Fidelma runs a struggling boutique. She yearns to start a family, something she and her husband have been unable to do. Falling under Dr. Vlad’s charms and believing he could solve her problem, Fidelma approaches him about impregnating her. What follows is a brief and unsatisfying, for her, affair that does result in a pregnancy.

Dr. Vlad is soon discovered and captured by authorities. Old compatriots of his from the Balkans come looking to exact revenge. With him in custody, they take out their frustrations on Fidelma in a truly horrifying attack.

As her infidelity becomes public, she flees for London and a new life, which kicks off part two of the novel. There she becomes part of the city’s refugee community, living with a single mom from Africa and working with other women from all over the world cleaning office buildings at night. She slowly builds herself up again, and finds community in the strength of the women around her who were fleeing their own horrors to make a new life.
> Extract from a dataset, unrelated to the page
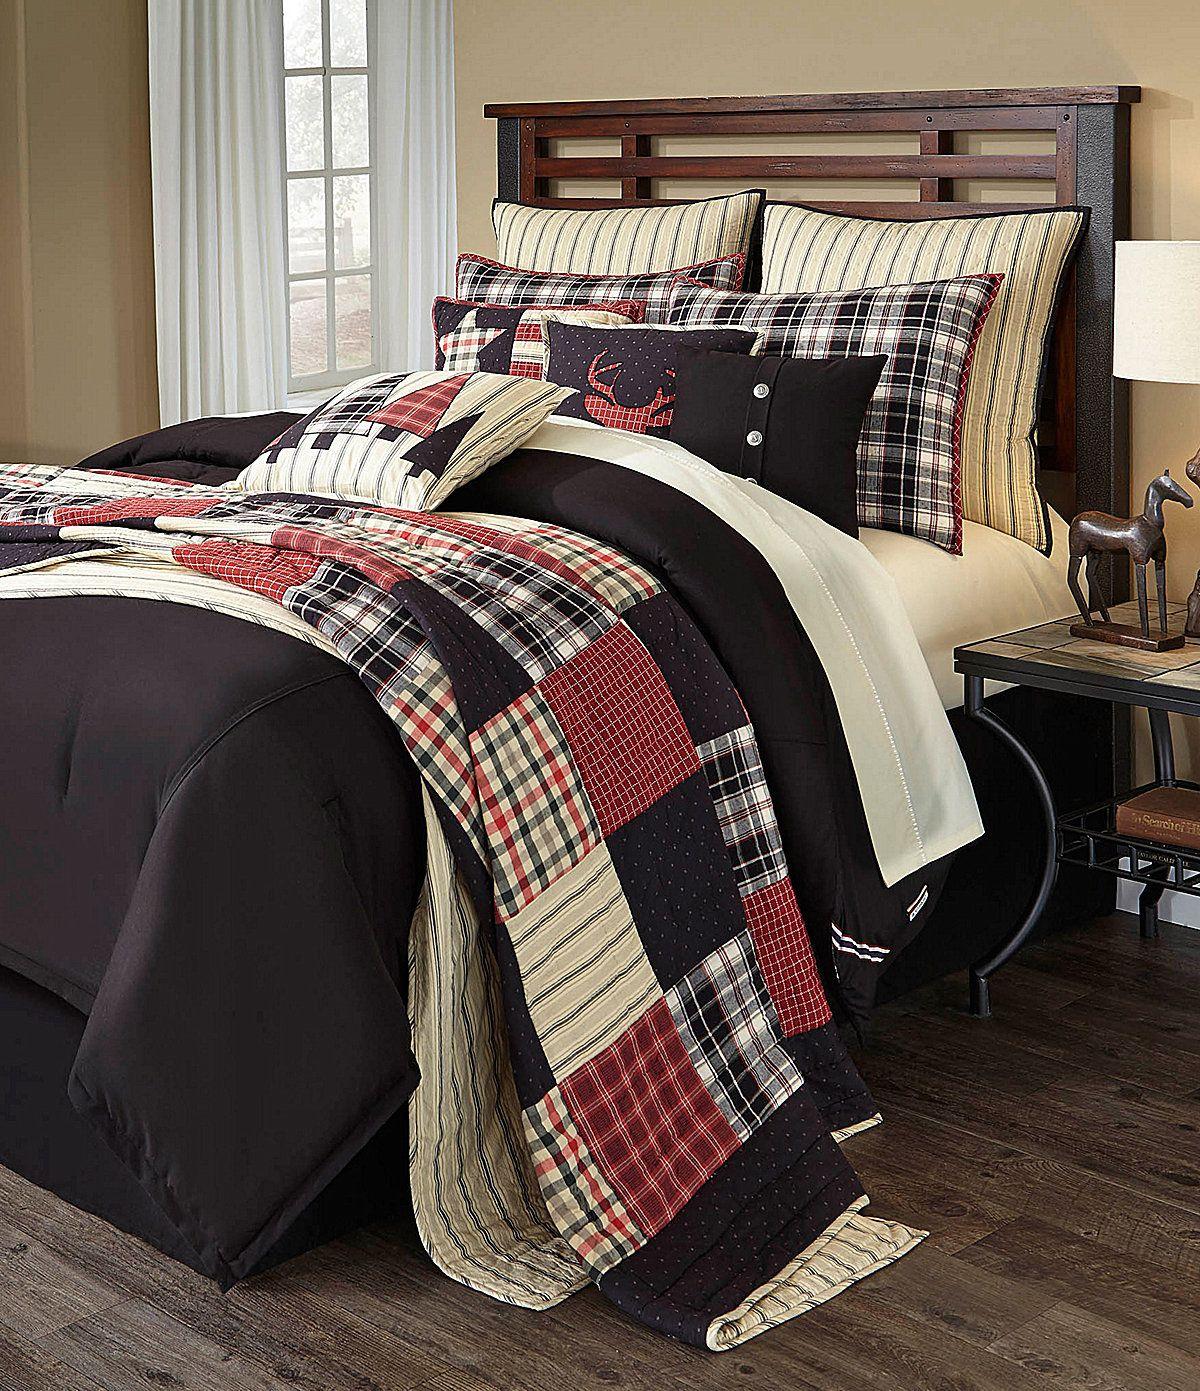 Cremieux Trenton Quilt | Dillards.com | ideas for the house ... : dillards quilts - Adamdwight.com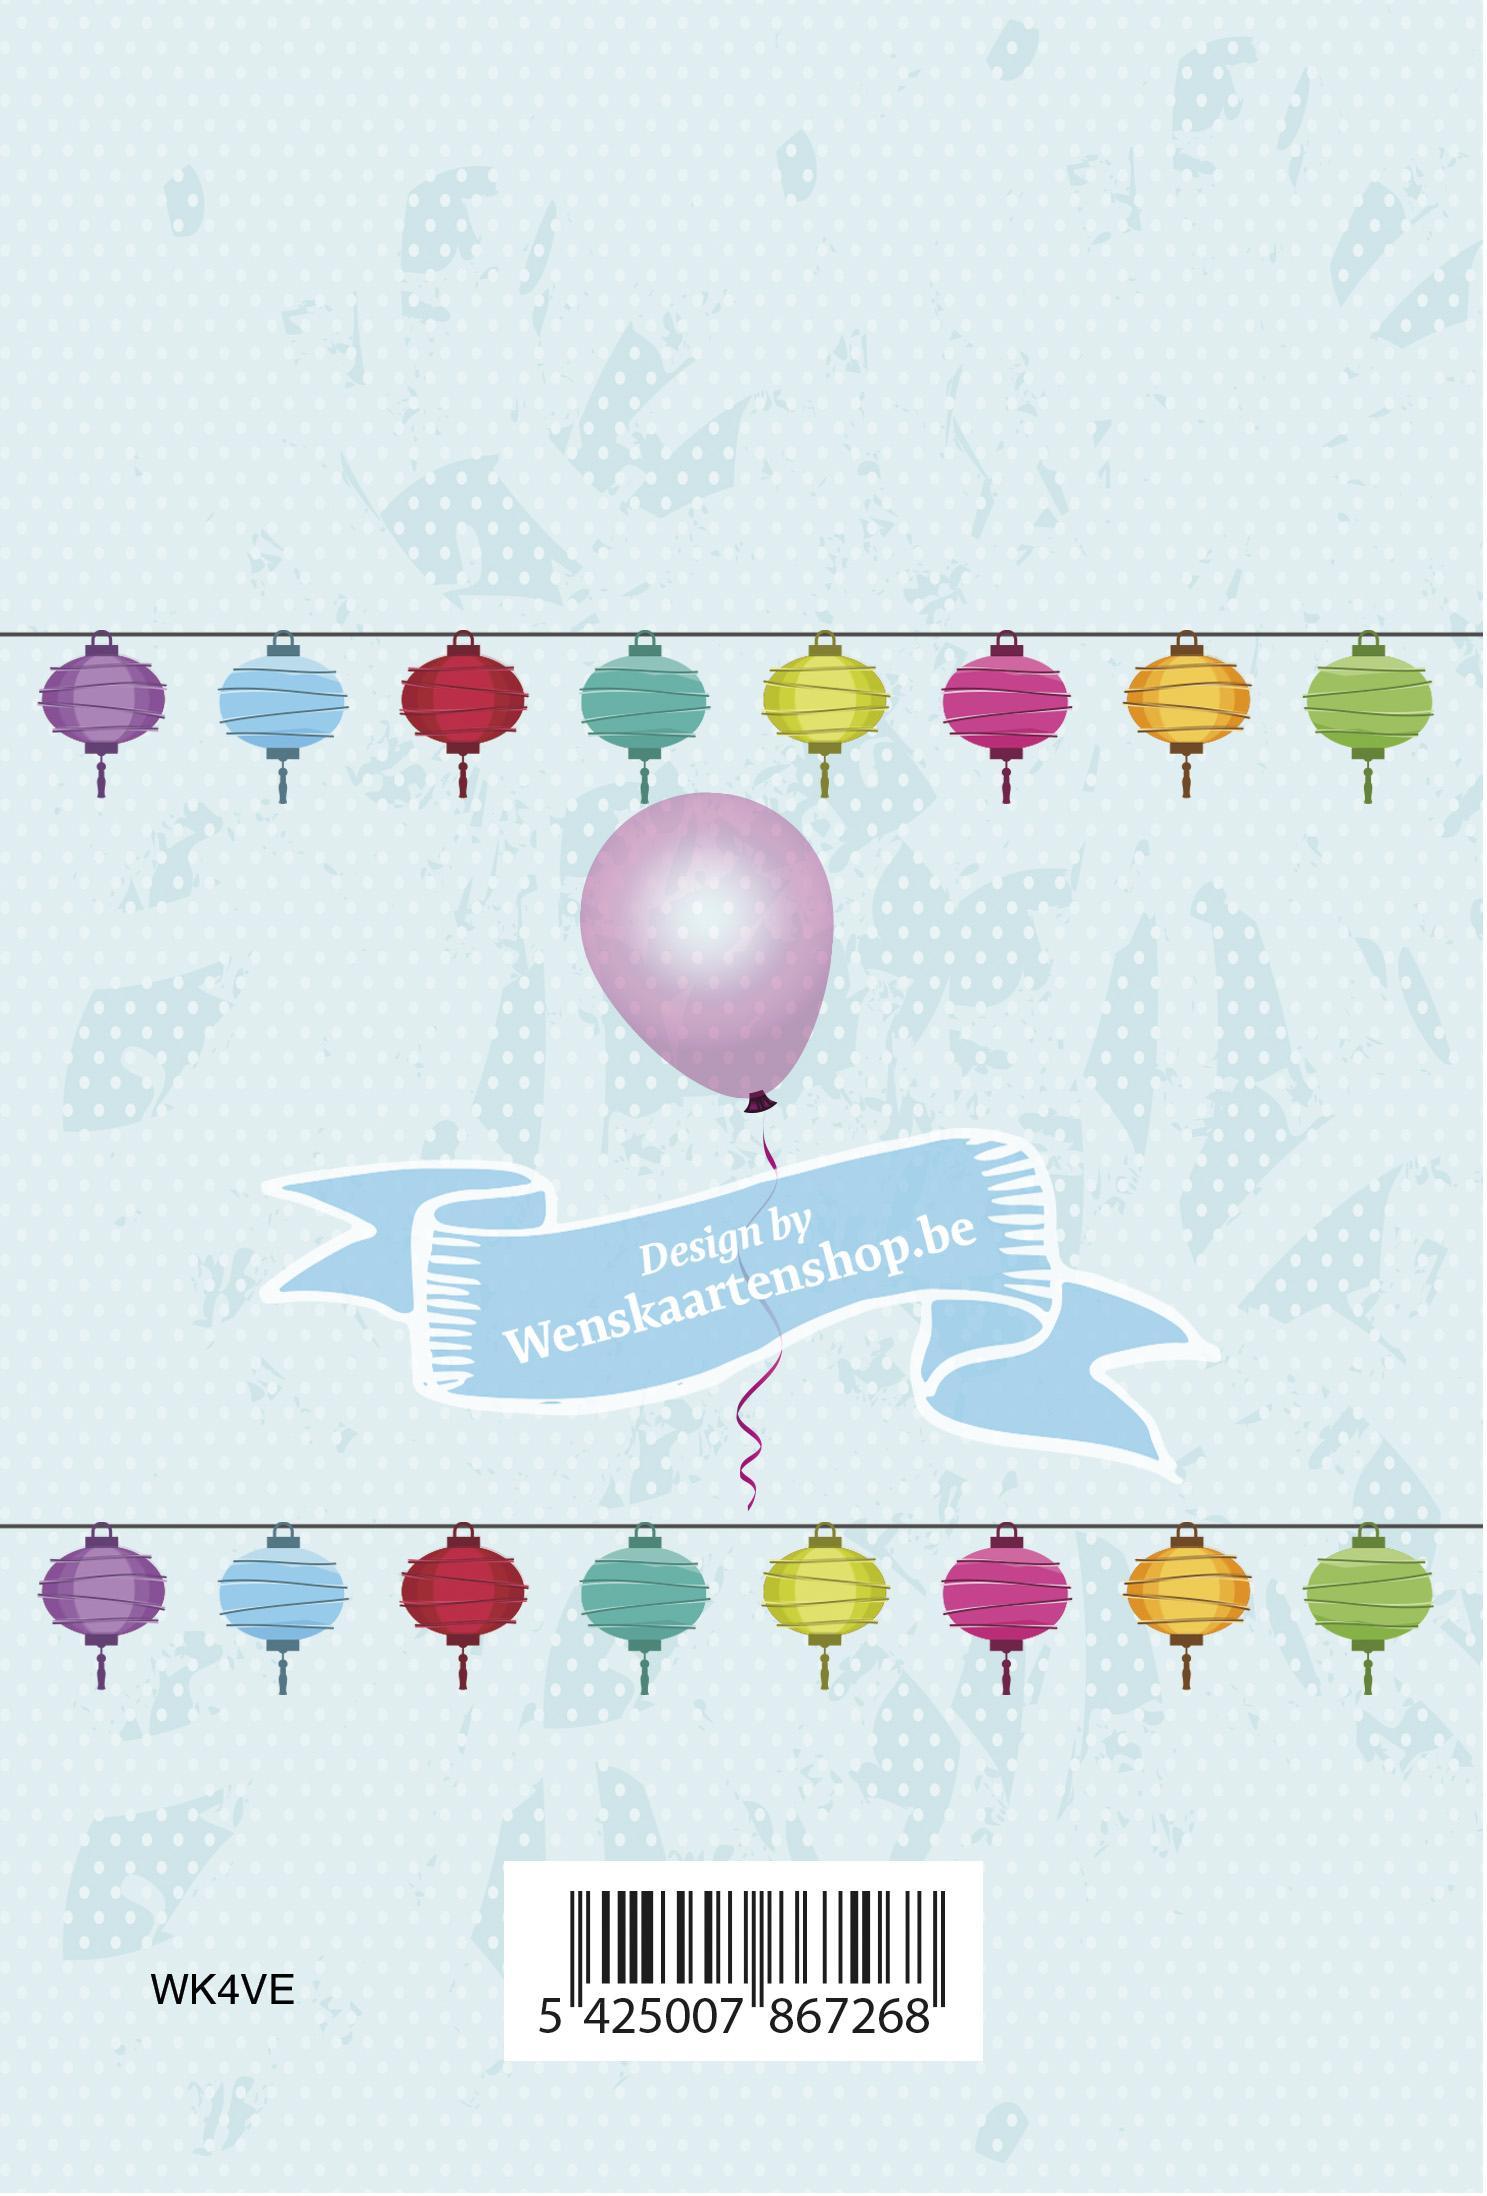 neutrale verjaardagskaart met lampionnen

In the third part of the book, she confronts Dr. Vlad during his trial, then returns home to Ireland. There her husband takes her back just before his own death.

The first two thirds of The Little Red Chairs are mesmerizing and wonderful, despite one of the most difficult-to-read passages I’ve come across in awhile. Although it was published before 2016, there are some hints of what the world would become as O’Brien recounts what happened in Sarajevo in 1992. After the war, the Bosnian Serbs insisted that the siege and massacre the world watched live on TV never occurred, that they were peaceful, and that the Bosnian Muslims were killing their own people to try to make the Serbs look bad. Our Idiot in Chief did not invent coming up with alternative facts that suited his needs.

The third act, however, felt messy and confusing. I’m not quite sure what O’Brien was aiming for with that part of the book, but I certainly missed it. It’s a shame, because it mars what is an otherwise wonderful story.